This is a MAJOR expedition, and should be many months of planning. I went May of last year and zoom calls with my crew started in January, CEIBA set up in November. 6 Weeks is not enough time to pull this off in my opinion. For someone who has been down before and has some real experience, it would be challenging but doable. Under planned GC trips are high risk for many reasons. Be careful.


----------



## rtsideup (Mar 29, 2009)

You are what is wrong with this sport.
Don't sign up for permits that you don't have the ability to take on!


----------



## griz (Sep 19, 2005)

rtsideup said:


> You are what is wrong with this sport.
> Don't sign up for permits that you don't have the ability to take on!


pot meet kettle.


----------



## Nanko (Oct 20, 2020)

DidNotWinLottery said:


> This is a MAJOR expedition, and should be many months of planning. I went May of last year and zoom calls with my crew started in January, CEIBA set up in November. 6 Weeks is not enough time to pull this off in my opinion. For someone who has been down before and has some real experience, it would be challenging but doable. Under planned GC trips are high risk for many reasons. Be careful.

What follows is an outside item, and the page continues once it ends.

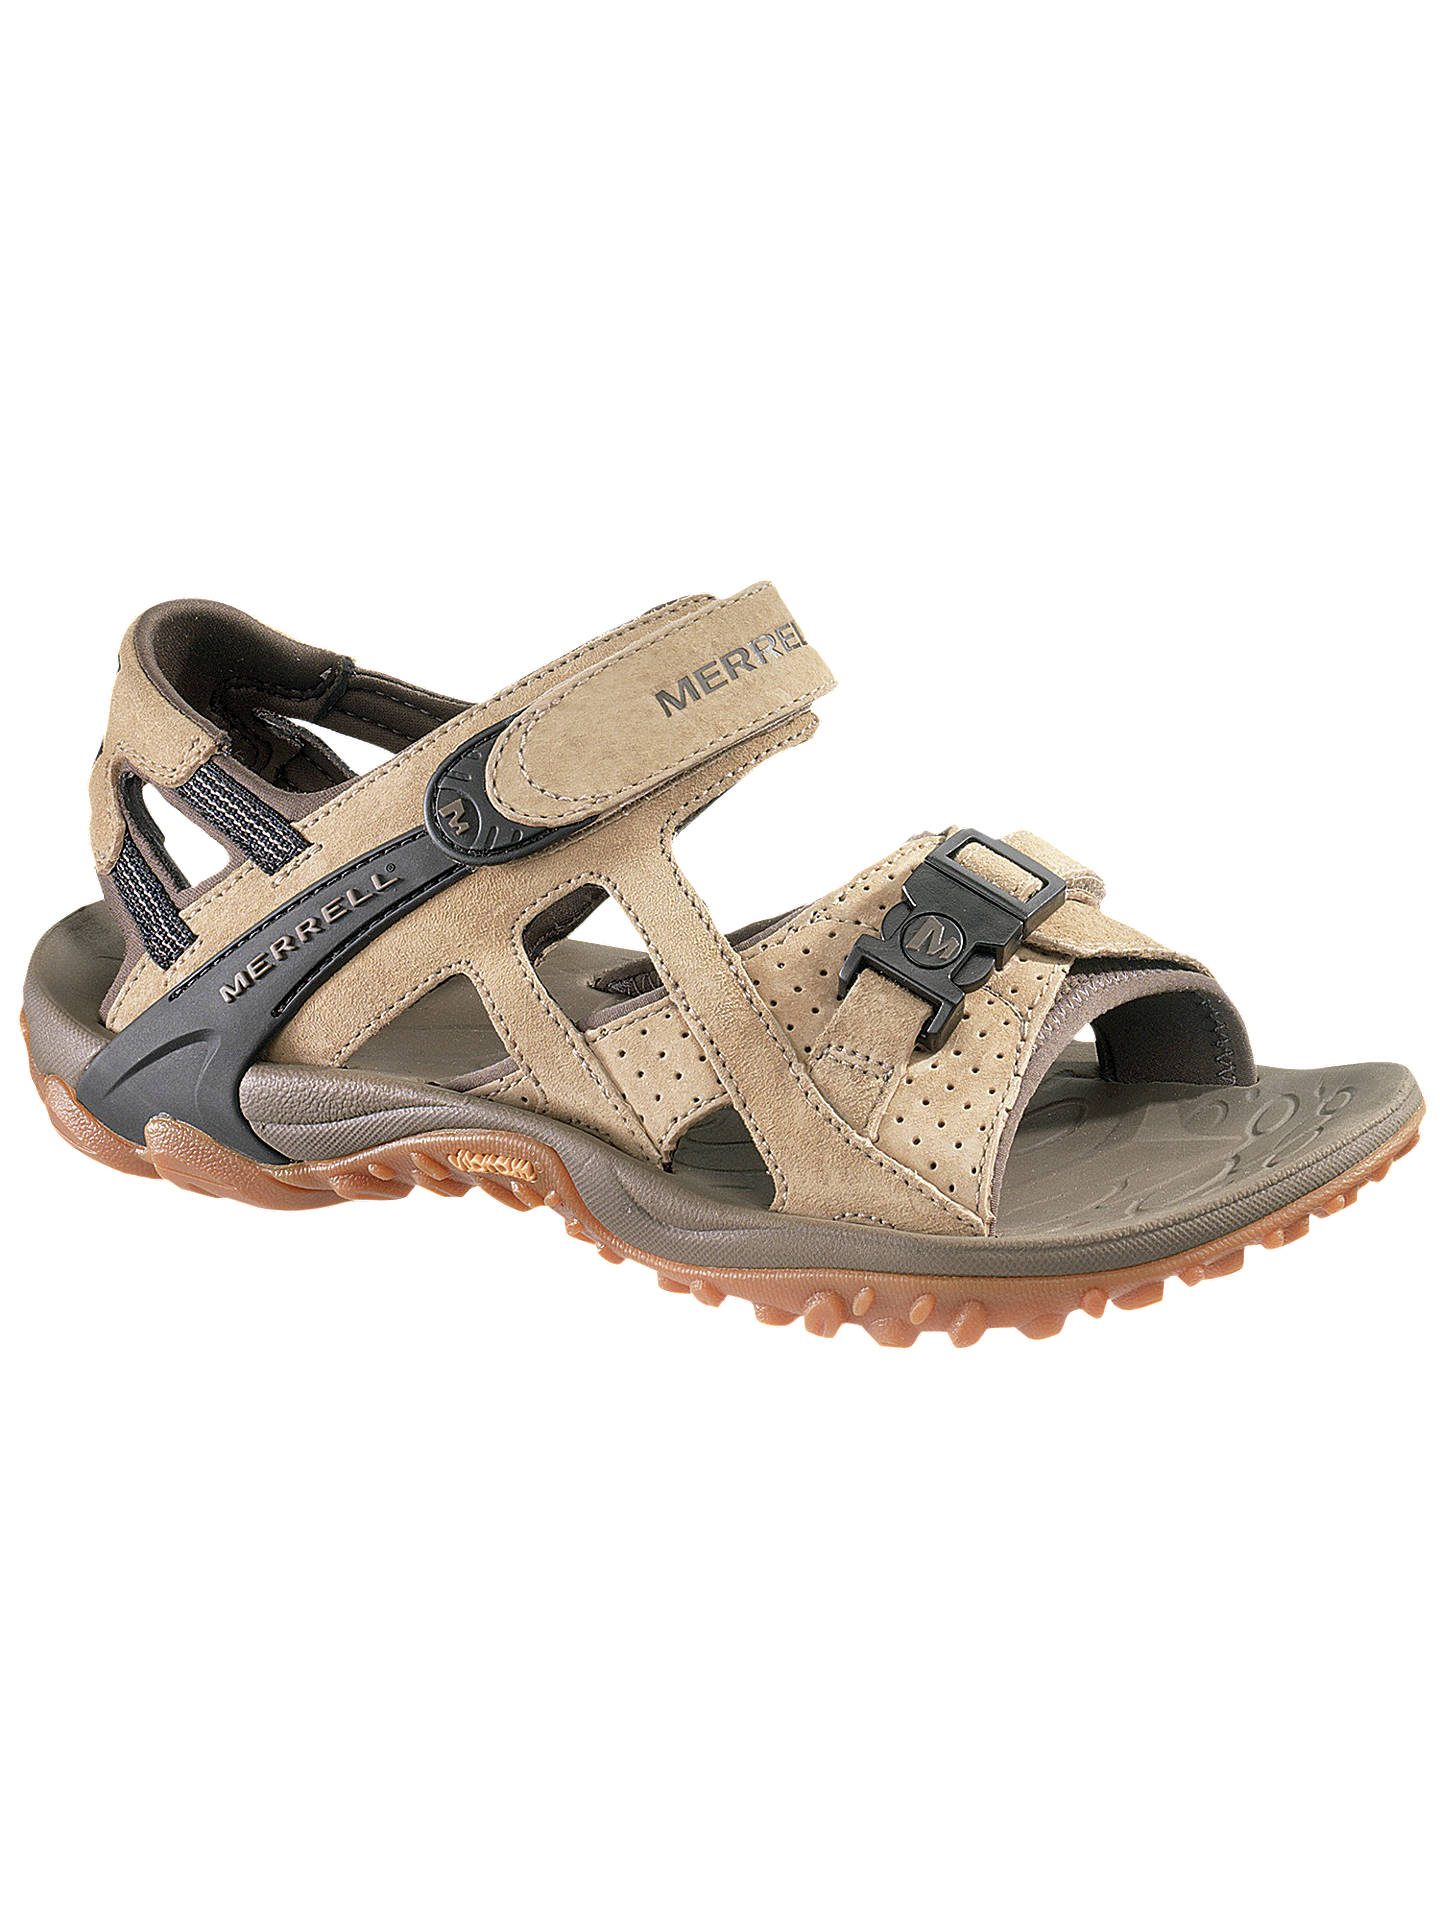 06f2aa22e465 Buy Merrell Kahuna III Men s Sandals

Disagree. People way overthink it just because they’re going to be on the water an extra week or two. That’s just more food. Compatibility can be ironed out with due diligence that isn’t time-consuming. Use Grand Canyon river trip participants page on FB, a quality community on there. If you can plan a Deso trip you can plan for the Grand. Just minor tweaks on your spreadsheet. Many months of planning doing what? 6 weeks not enough time? 6 days is plenty with the right crew. Have a great trip OP, I’d be all over this begging if I hadn’t burned my OTAY.


----------



## whip (Oct 23, 2003)

I've been on many Grand trips with 1st timers. You'll have no problem putting together a good team.


----------



## MNichols (Nov 20, 2015)

Nanko said:


> Disagree. People way overthink it just because they’re going to be on the water an extra week or two. That’s just more food. Compatibility can be ironed out with due diligence that isn’t time-consuming. Use Grand Canyon river trip participants page on FB, a quality community on there. If you can plan a Deso trip you can plan for the Grand. Just minor tweaks on your spreadsheet. Many months of planning doing what? 6 weeks not enough time? 6 days is plenty with the right crew. Have a great trip OP, I’d be all over this begging if I hadn’t burned my OTAY.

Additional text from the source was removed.